Stefania Skwarczyńska de domo   (born November 17, 1902 in Kamionka Strumiłowa , died April 28, 1988 in Łódź) was a Polish theorist and historian of literature, theatrologist, full professor, doctor honoris causa of the University of Łódź, and World War II resistance fighter.

In April 1940, as the wife of a Polish officer imprisoned in Starobelsk officer's camp, she, her children, and her mother-in-law were exiled to Kazakhstan, from where she was released back to Lwów by the efforts of scientists and continued her work at Lwów University.
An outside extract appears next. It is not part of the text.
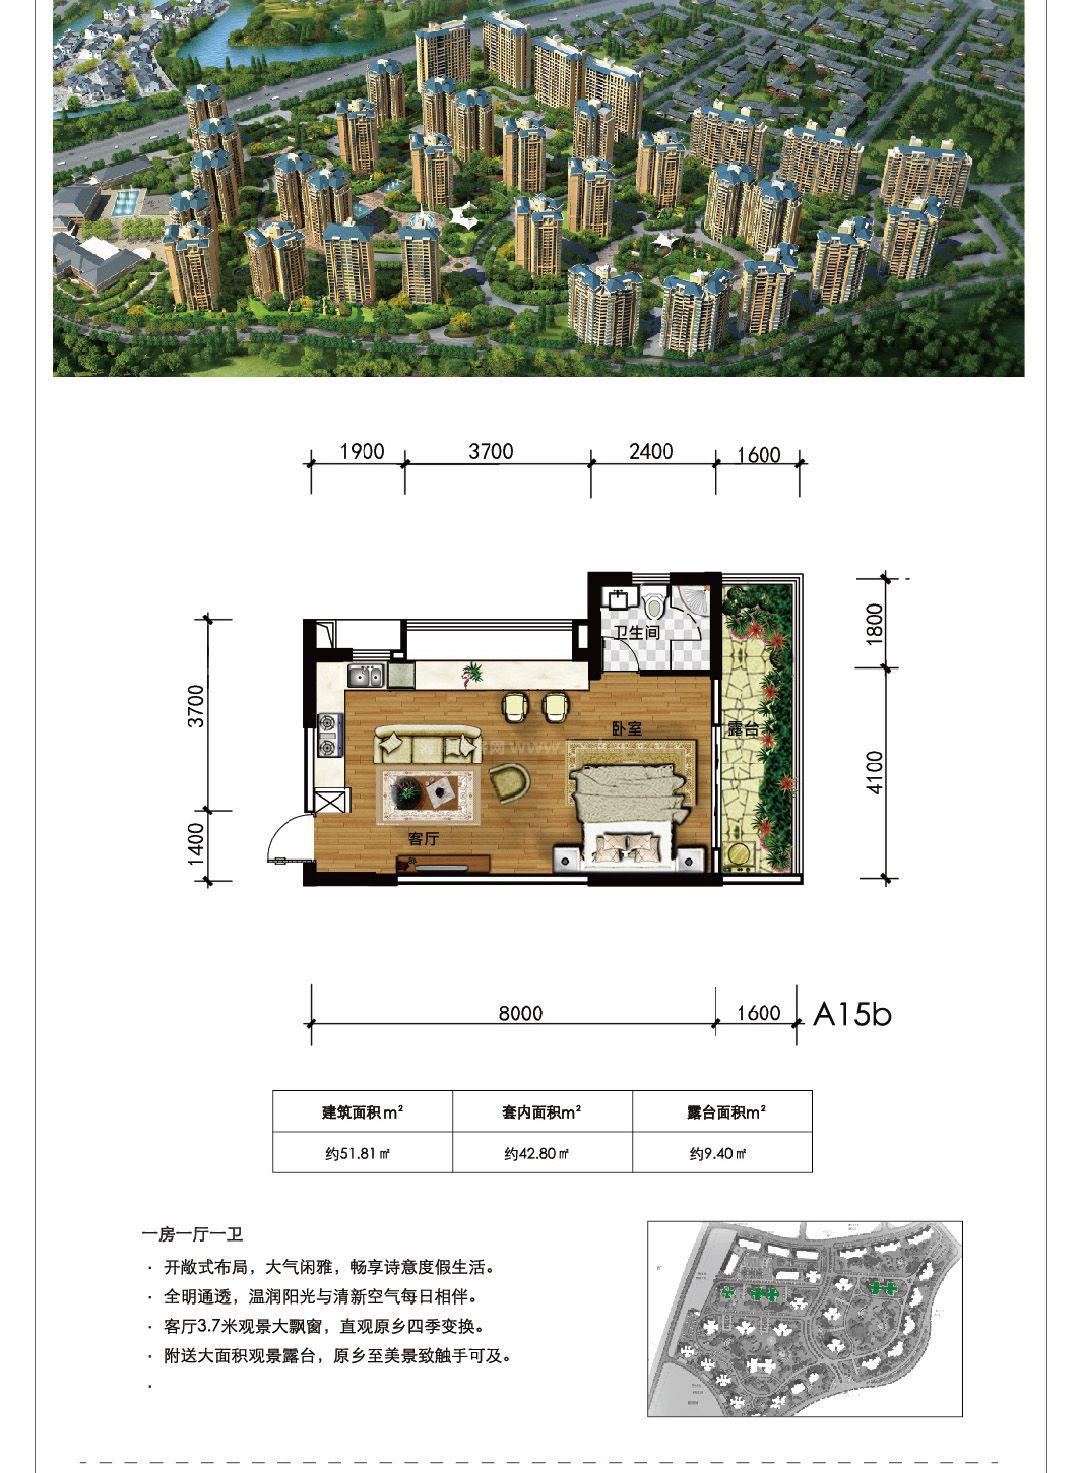 山居高黎洋房A15b户型 1室1厅1卫1厨 建筑面积:51.81㎡

During the German occupation she was employed at the Lviv Institute for Typhus and Virus Research as a manager of the department of "lice feeders" (1941-1944).  During this time she took part in the underground education in Poland during World War II. In 1945 she became a member of the Union of Armed Struggle, known under the noms de guerre: "Maria" and "Jarema" and took part in actions for liberating the Jews.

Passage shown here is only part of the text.